Task instructions | Please print the listing that follows word for word, but skip any pictures it holds.

Raw data |
######
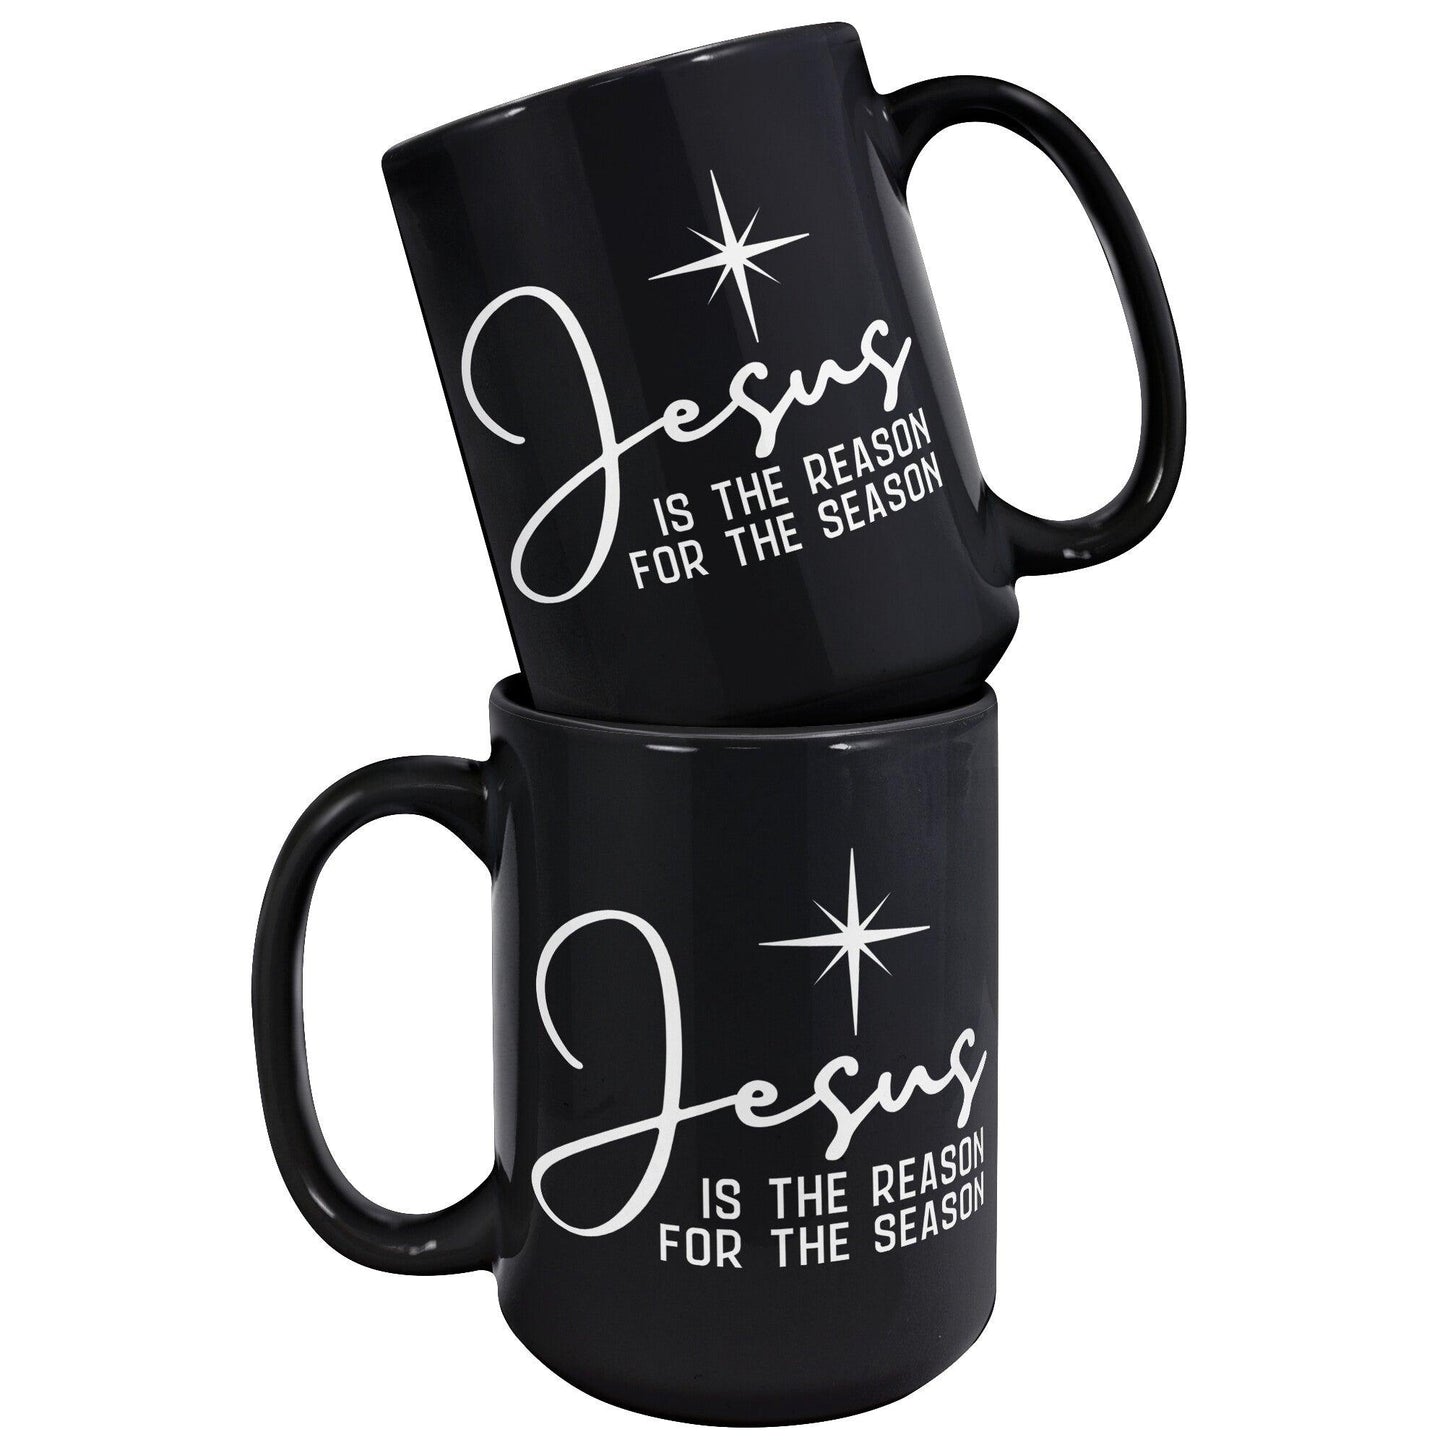 Jesus Is The Reason For The Season Black Mug - TheGivenGet
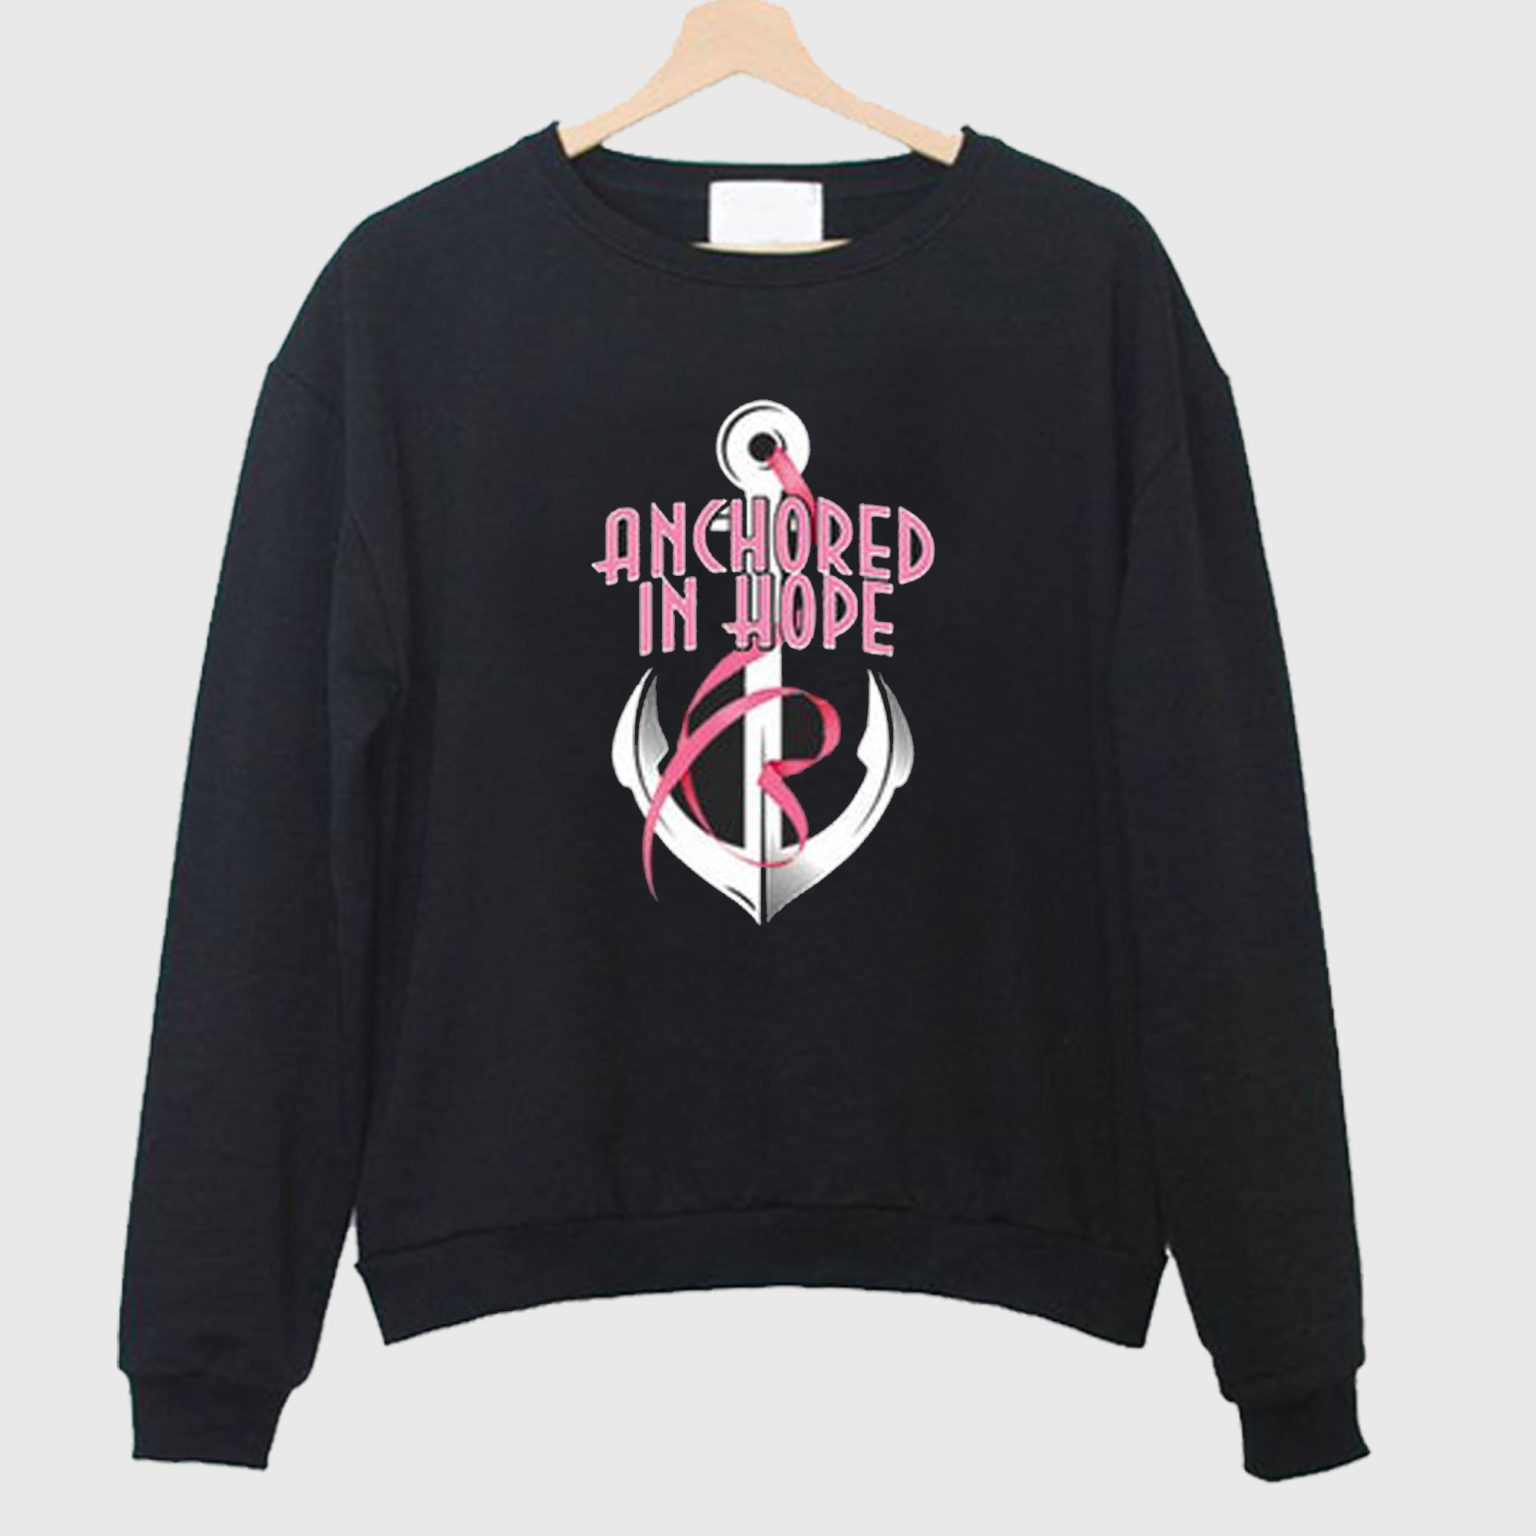 Anchored in Hope Sweatshirt
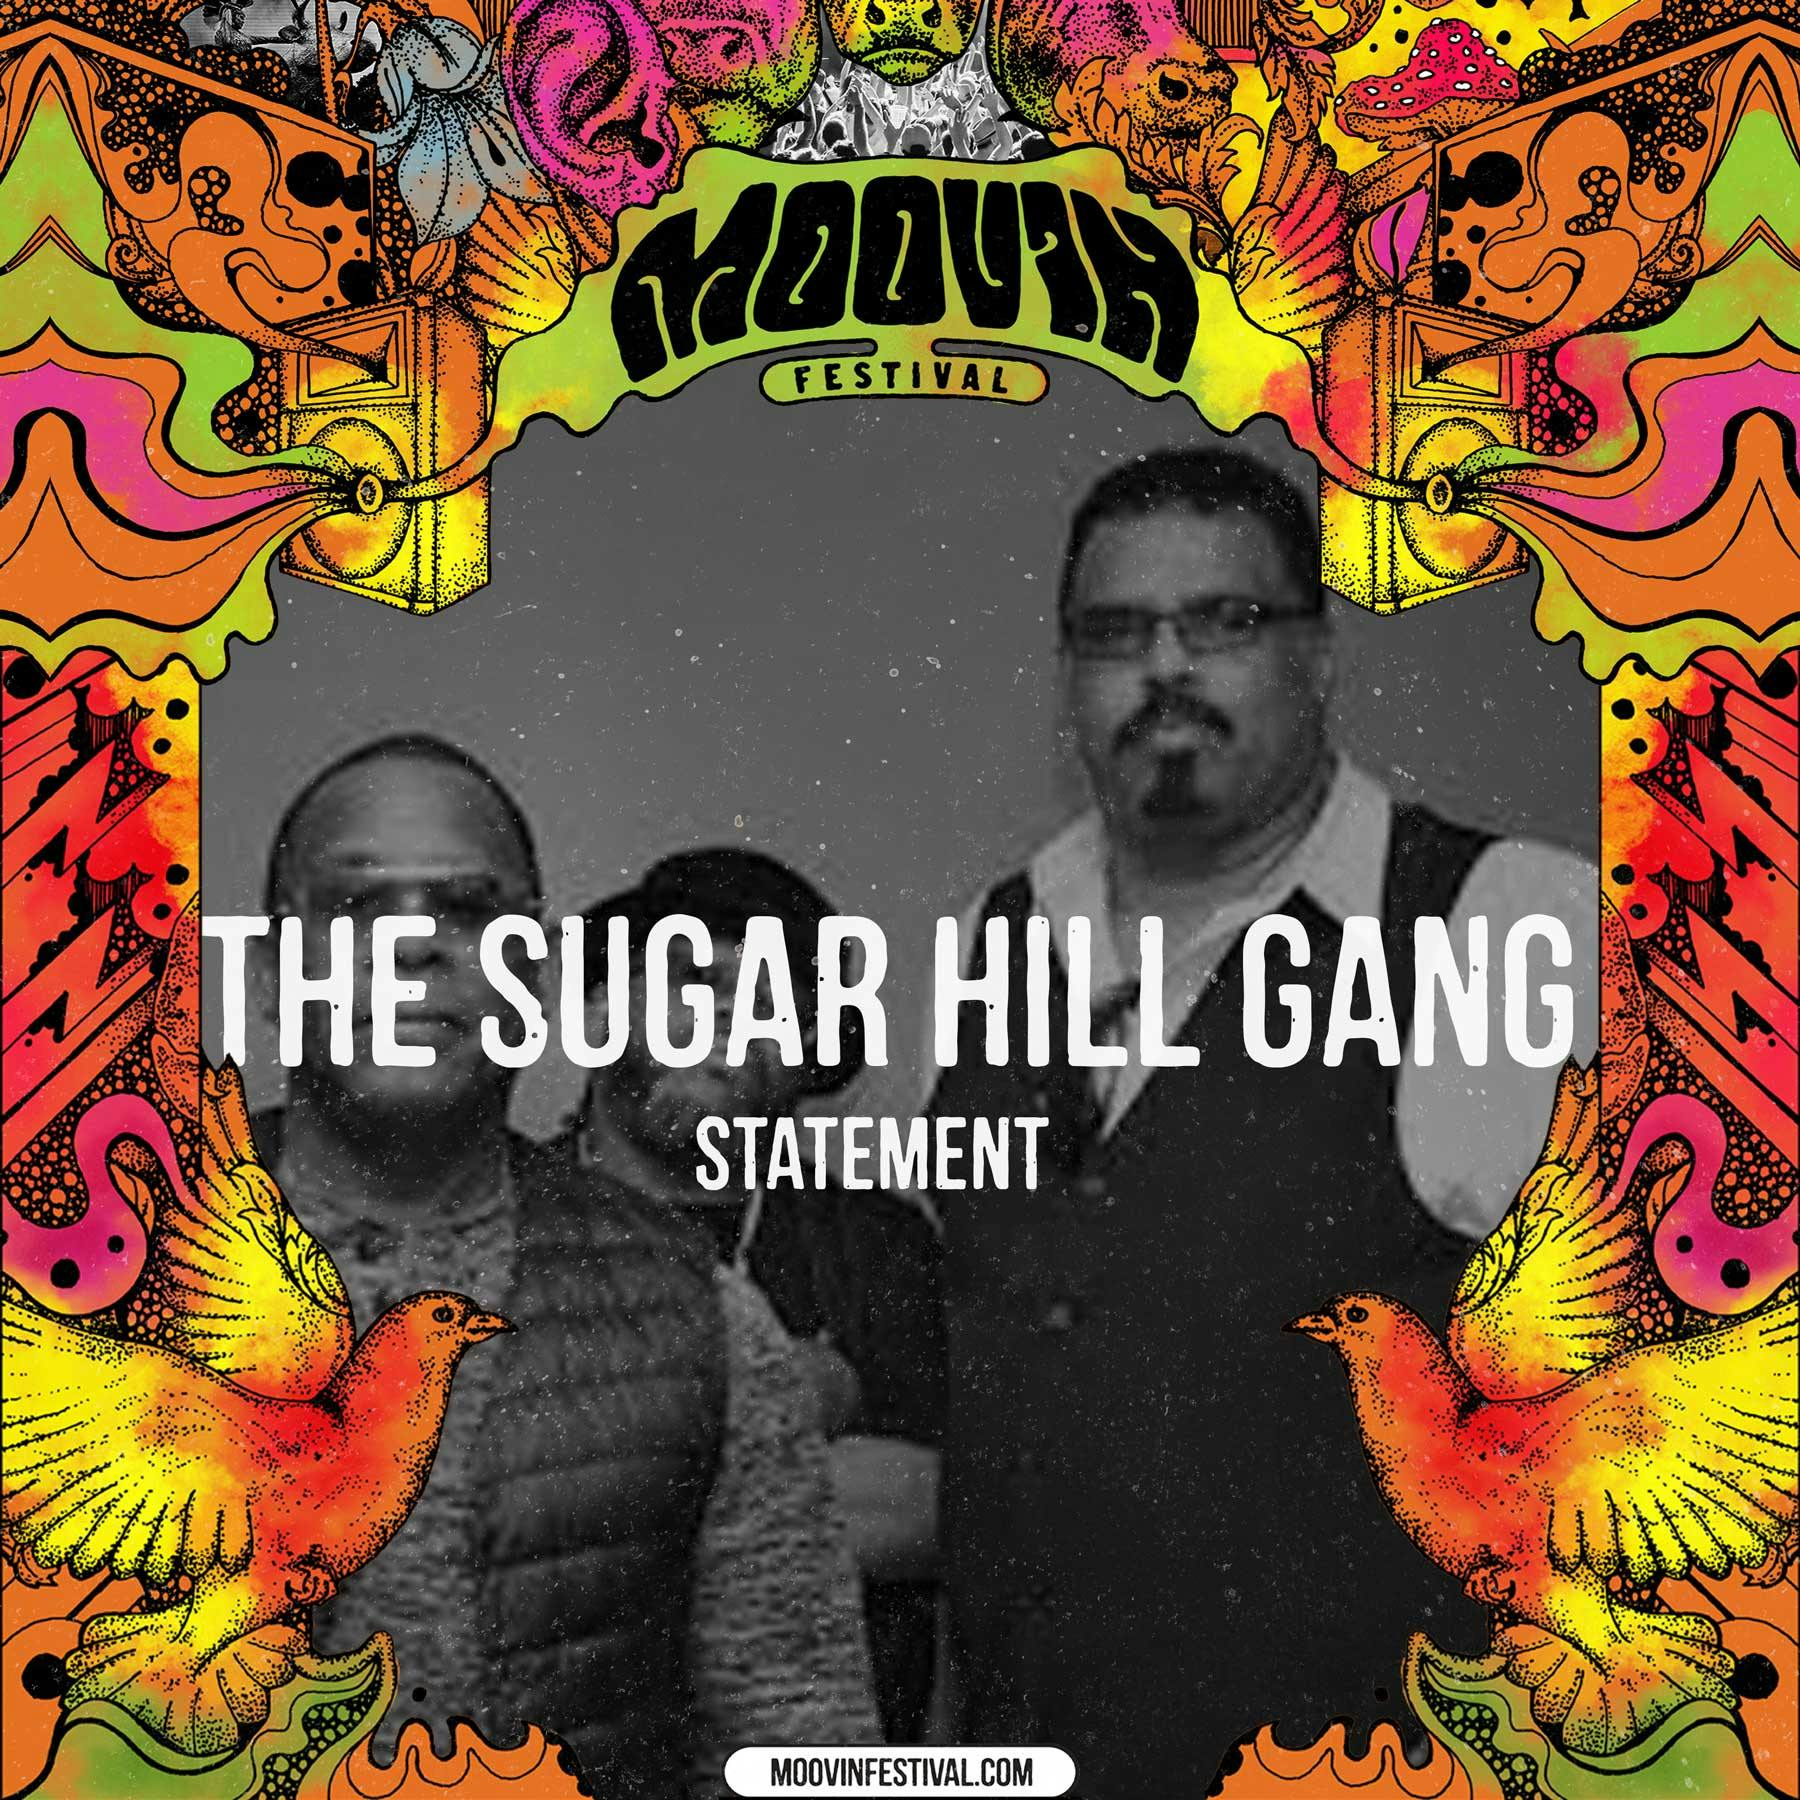 The Sugar Hill Gang Statement
######
Result for this exercise |
 Jesus Is The Reason For The Season Black Mug - TheGivenGet
 Anchored in Hope Sweatshirt
 The Sugar Hill Gang Statement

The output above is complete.